In some cases, the image processing system may take over the affected functions by the standby system or standby components to ensure continuity and stability of the system. For example, if a certain control unit of the ADAS system fails, the image processing system may switch to a standby control unit to continue to provide the necessary security functions.

The image processing system may send an alert or notification to the driver informing him that a fault or abnormal situation has occurred in the system and providing a corresponding advice or indication. Such alerts and notifications may assist the driver in taking appropriate actions to reduce potential safety risks.

According to the image processing method, the intelligent driving auxiliary system signal is obtained; based on an intelligent driving assistance system image processing component, performing image rendering on the intelligent driving assistance system signal to obtain an intelligent driving assistance system image; based on a monitoring image processing component, performing image rendering on the intelligent driving auxiliary system signal to obtain a monitoring image; and comparing the intelligent driving auxiliary system image with the monitoring image based on the monitoring image processing component to obtain a comparison result. After the intelligent driving assistance system signal is obtained, the rendering processing mode of the ADAS signal designed by the original ADAS system is changed into the synchronous rendering processing mode of the intelligent driving assistance system signal through the intelligent driving assistance system image processing component and the monitoring image processing component, the intelligent driving assistance system image and the monitoring image are obtained, and the comparison result is obtained by comparing the intelligent driving assistance system image and the monitoring image. It can be understood that after the same image signal is rendered and output by different rendering modes, the original image (the image of the intelligent driving auxiliary system) can be monitored for failure by comparing the differences of the rendering and output of the two different modes, so that the design meeting the functional safety requirements is met, and the safety of ADAS display is improved.

Based on the first embodiment, a second embodiment of the present application is presented, which differs from the first embodiment in that:

the step of obtaining the intelligent driving assistance system signal is supplemented after the step S10, wherein the step of supplementing may include:

and S11, grouping and aggregating the acquired intelligent driving assistance system signals according to a preset time period and a signal identity number rule, and acquiring the grouped and aggregated intelligent driving assistance system signals.

In order to realize synchronous rendering of the image processing component and the monitoring image processing component of the intelligent driving assistance system, the signals of the intelligent driving assistance system can be subjected to grouping fusion according to a preset time period and a signal identity number rule. Specifically, as shown in fig. 4, the preset time period and the signal identity number rule may be that the set timing is 2 seconds and the signal ID of the intelligent driving assistance system is greater than 5, that is, 5 intelligent driving assistance system signals are acquired every 2 seconds, and the intelligent driving assistance system signals after grouping and aggregation are obtained by aggregating every 5 intelligent driving assistance system signals.

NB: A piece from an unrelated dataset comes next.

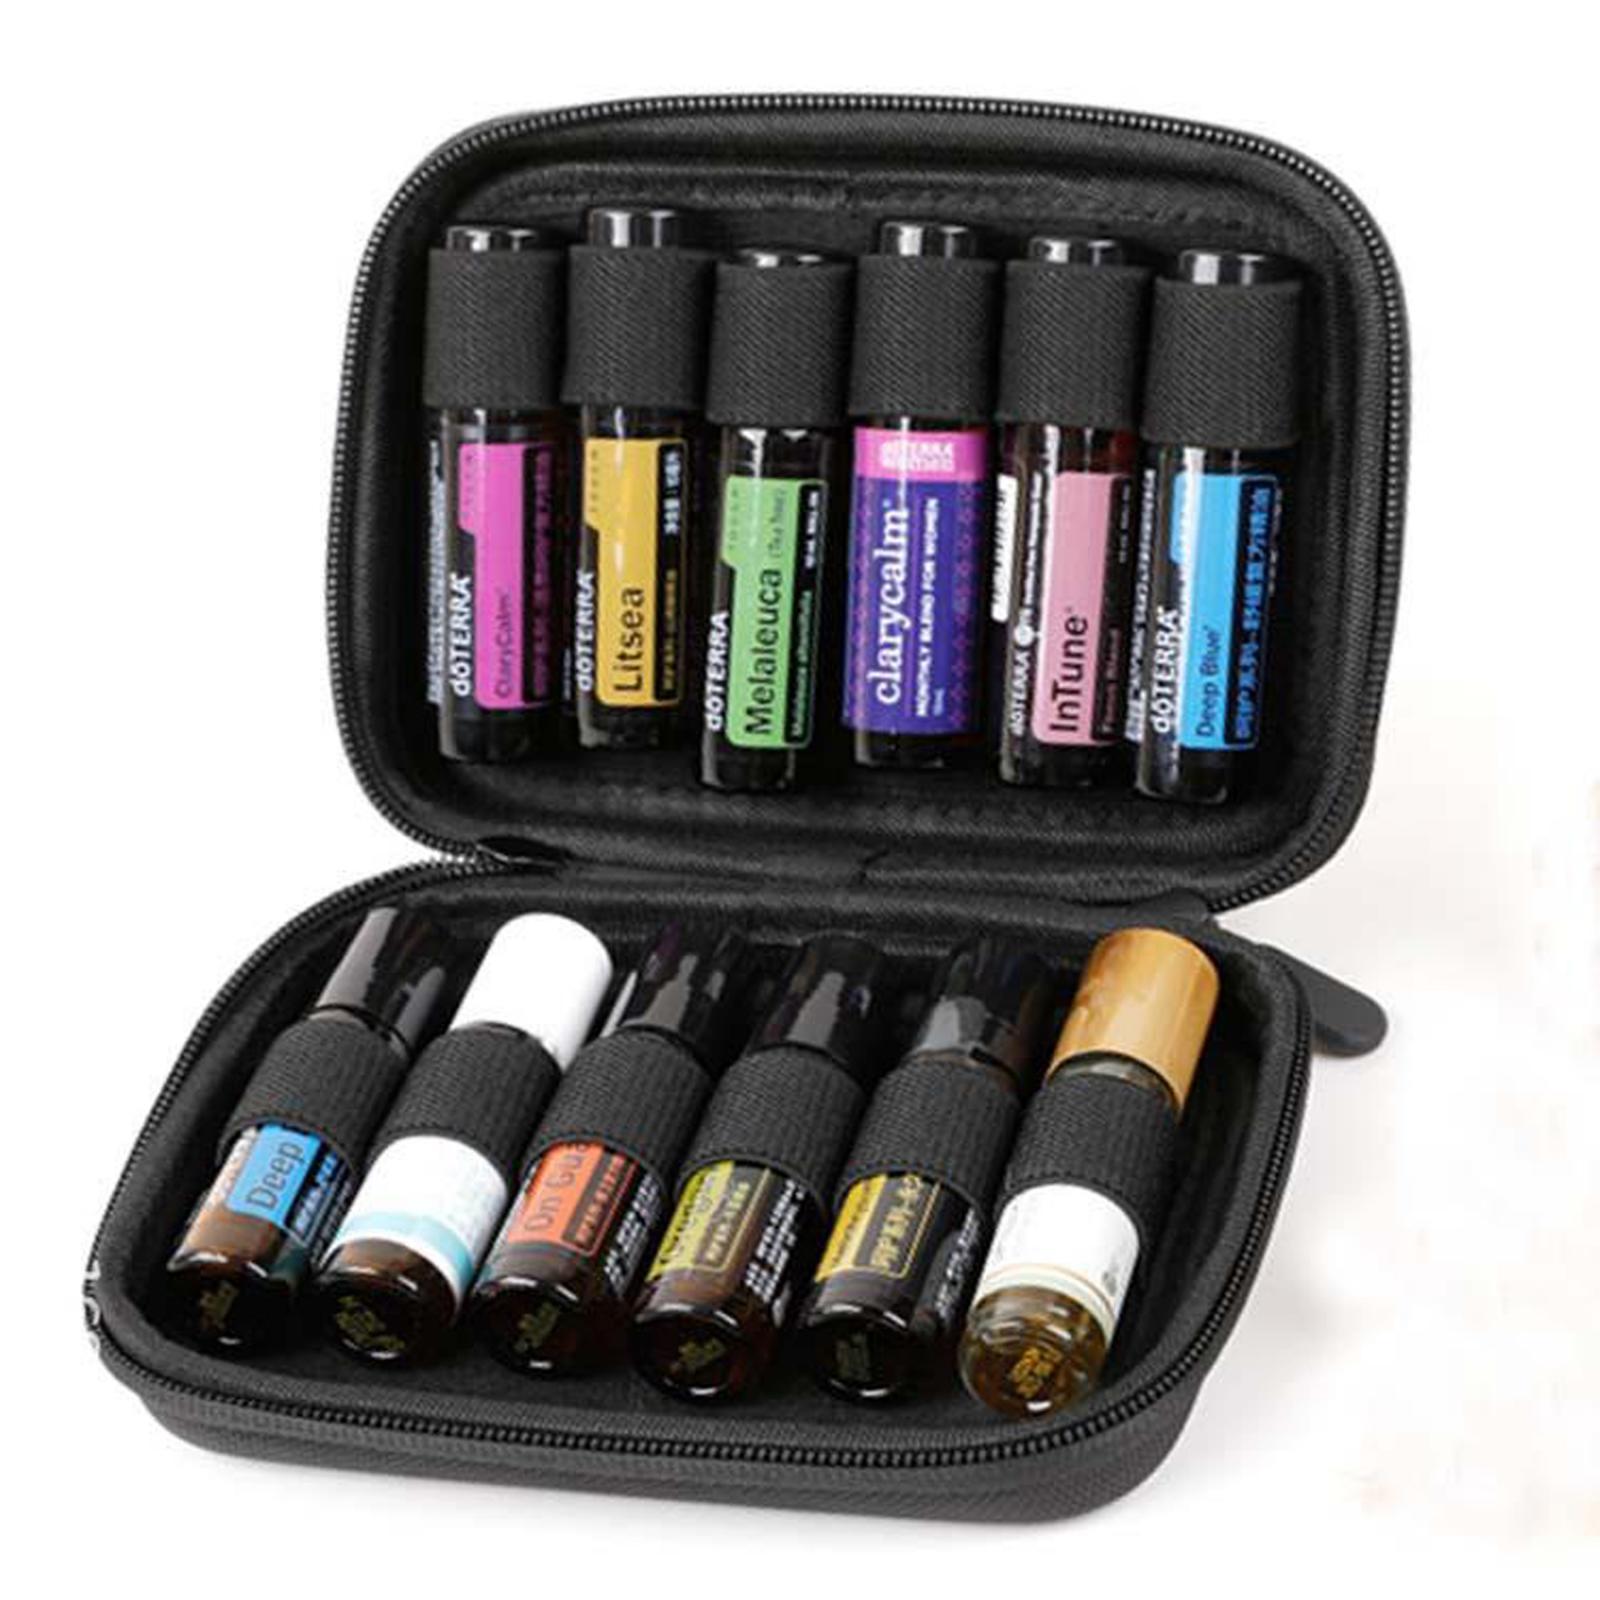 Sacchetto-di-olio-essenziale-custodia-da-viaggio-per-aromaterapia-da-10ml-per-12 miniatura 52

Step S21, based on the intelligent driving assistance system image processing component, performing image rendering on the intelligent driving assistance system signals subjected to grouping aggregation to obtain the intelligent driving assistance system image;

Step S31, performing image rendering on the intelligent driving auxiliary system signal based on a monitoring image processing component to obtain a monitoring image;

and simultaneously sending the intelligent driving assistance system signals aggregated by each group to KANZI and OpenGL for rendering. KANZI can complete rendering faster than OpenGL, obtain intelligent driving assistance system images and monitoring images, and cache the rendered images.

And when the KANZI and the OpenGL are rendered, sending the image of the intelligent driving assistance system cached by the KANZI to the OpenGL, and then comparing the images. By comparing the images rendered by KANZI and OpenGL, it is possible to detect whether there is an inconsistency, thereby performing fault detection or verifying consistency of rendering results.

By synchronizing the rendering, it can be ensured that the image content presented by KANZI and OpenGL is consistent. So that the rendering difference between KANZI and OpenGL can be more easily detected. If the two rendering results are not consistent, this may mean that one of the systems has failed or is abnormal, which may help to find and remove problems early.

Meanwhile, the synchronous rendering can rapidly complete differential comparison, a comparison result is rapidly obtained, and the safety of ADAS can be guaranteed in real time.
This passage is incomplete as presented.